Any exchange would be “a vehicle to make competing plans easy to navigate,” he adds.

But beyond that, many other questions have yet to be answered about how a health insurance exchange would be organized.

The Senate health committee bill envisions state-run exchanges, the “gateways,” that would choose the plans to be offered through the exchange in that state. The House bill, on the other hand, would set up a national exchange.

In both bills, however, a national advisory committee under the department of Health and Human Services — called the Medical Advisory Committee in the Senate Bill and the Health Benefits Advisory Committee in the House — would set minimum requirements for plans that could be offered on the exchanges.

That’s a provision the U.S. Chamber of Commerce, an interest group representing U.S. business, objects to.
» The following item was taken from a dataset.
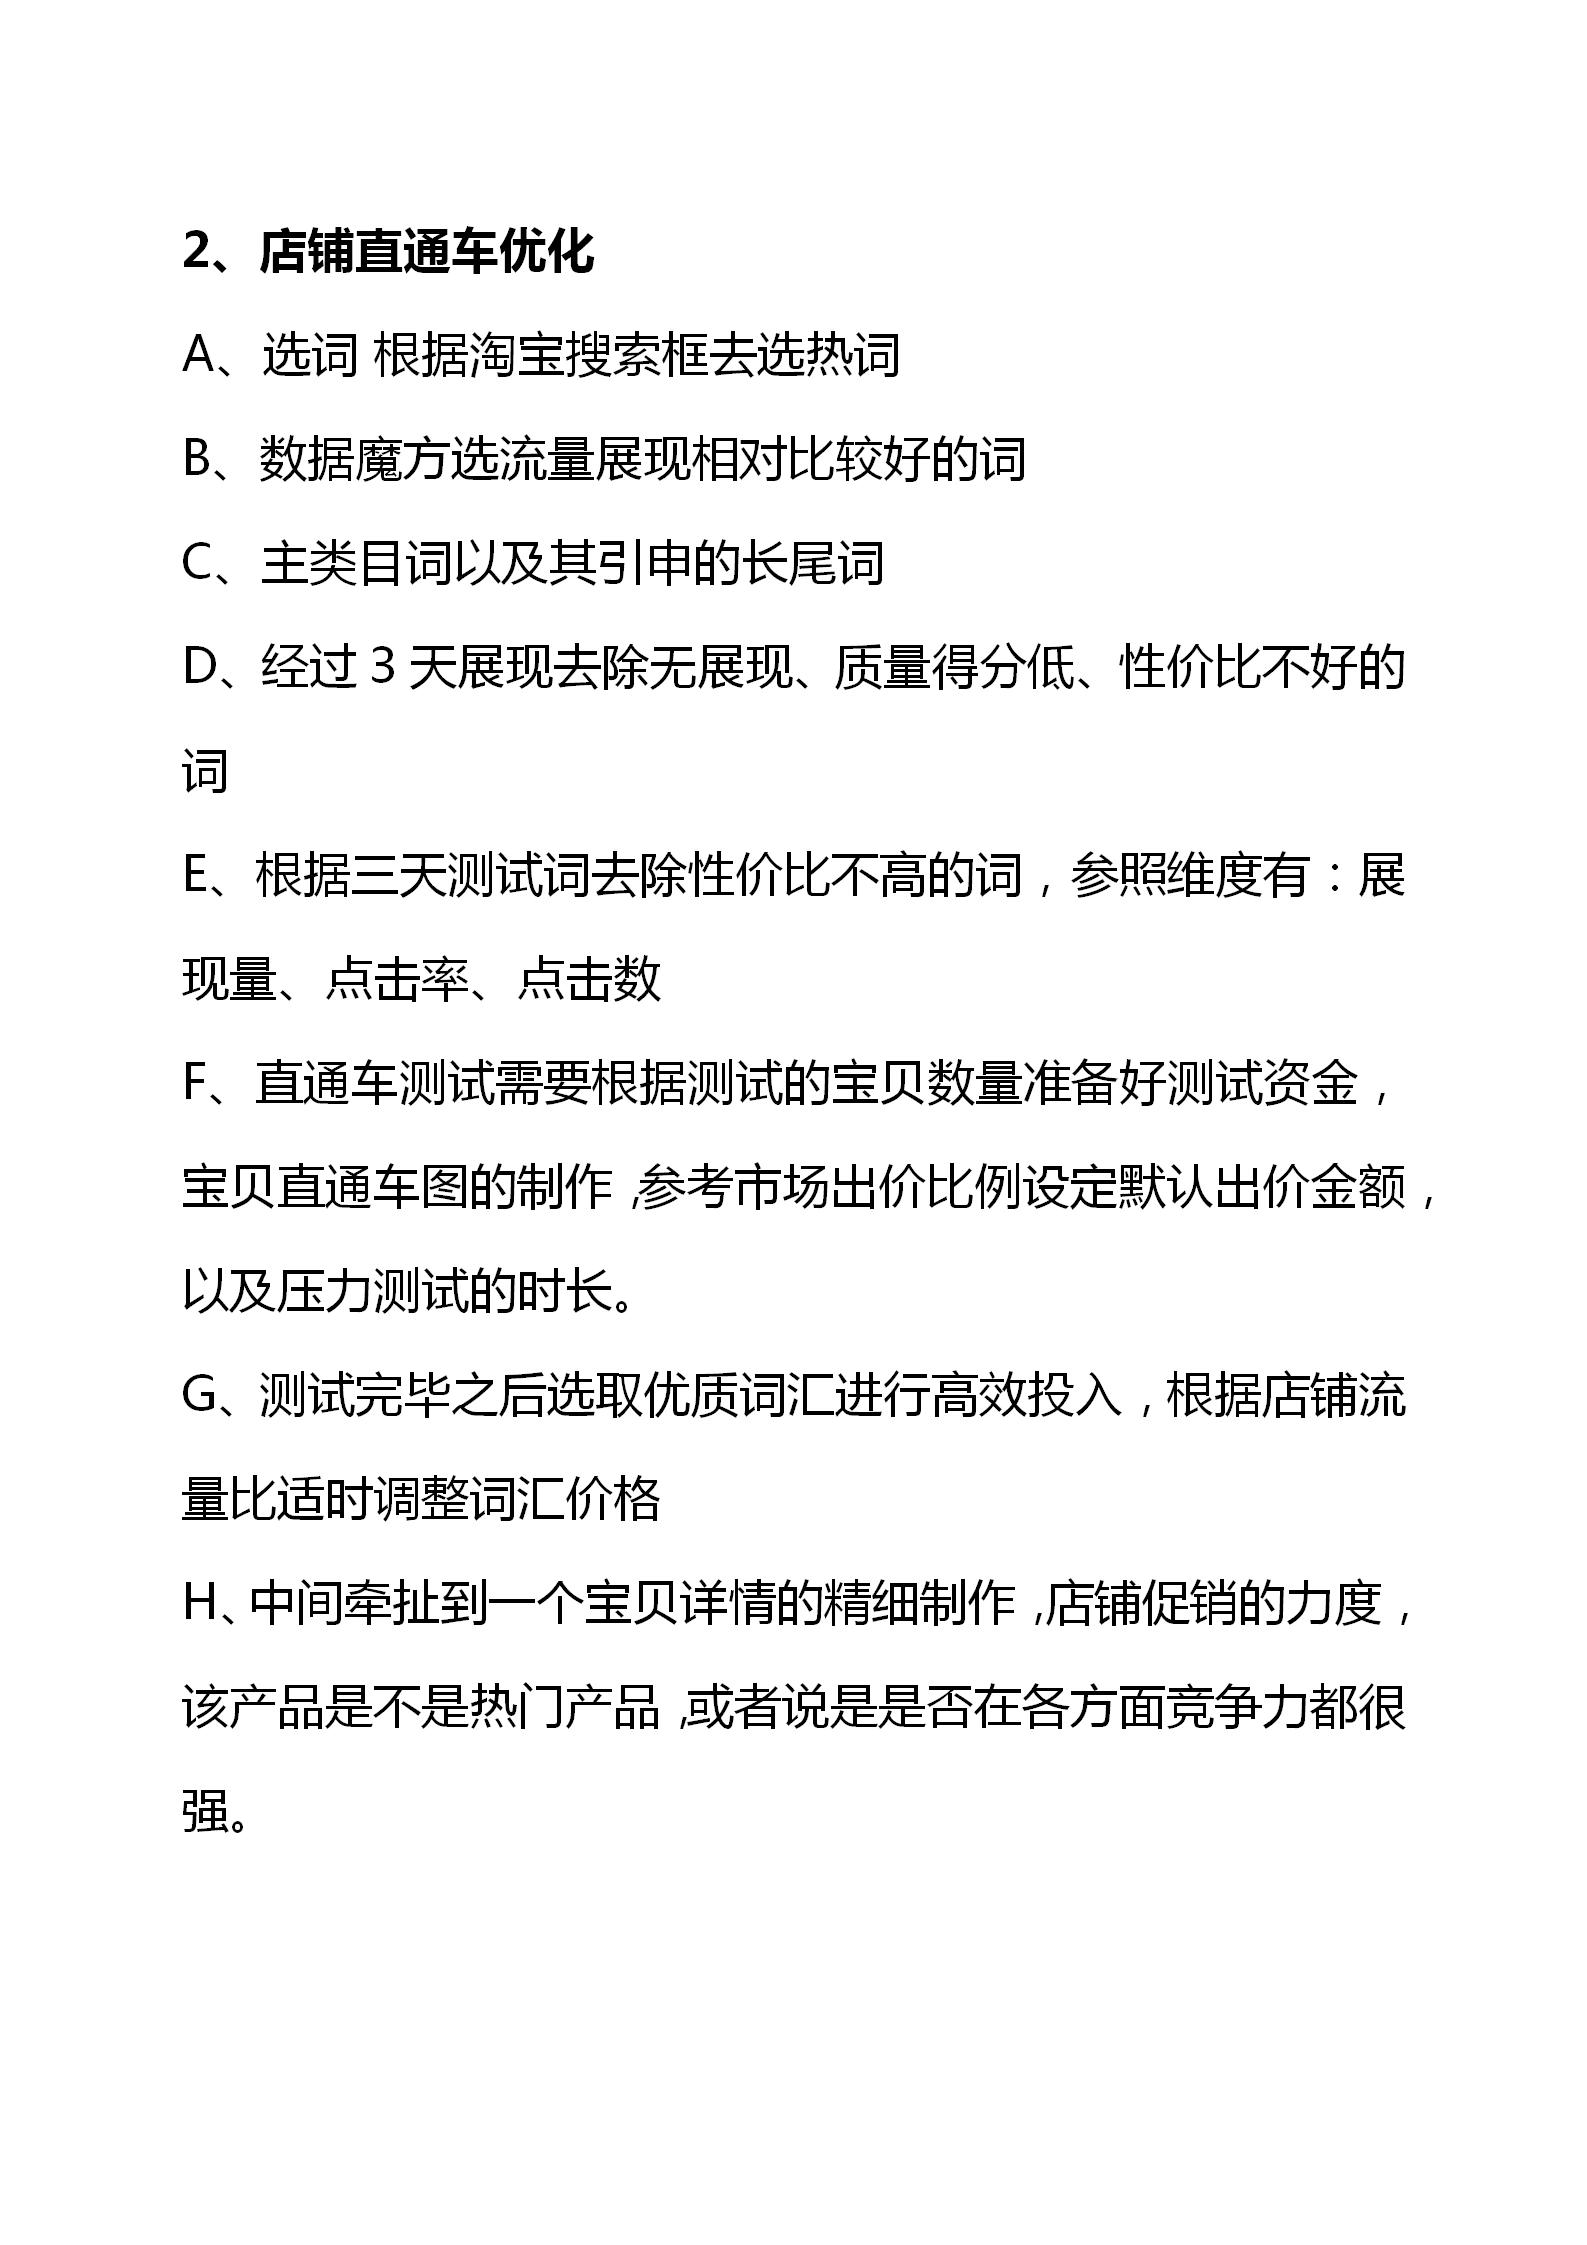 电子商务运营方案怎么写(经典电商运营方案分享)

“Creation of an unelected but extremely powerful Medical Advisory Council that effectively dictates benefit design, defines affordability, and that is exempt from obligations, is a fundamentally flawed concept,” the group wrote in an open letter to the Senate health committee. “These decisions should remain between doctors, patients, employers, employees, and the plans they choose to purchase from.”

Overall, Blumberg says, “a well-structured exchange could play a substantial role” in effective health-care reform. But, Curtis adds, he believes it’s ultimately the market reforms set up around and within the exchange framework — an individual mandate, rules prohibiting excluding pre-existing conditions, and other reforms — that will determine how much of a difference an exchange can make.

“If you don’t have those rules, marketwise, than you can’t make the exchange work.”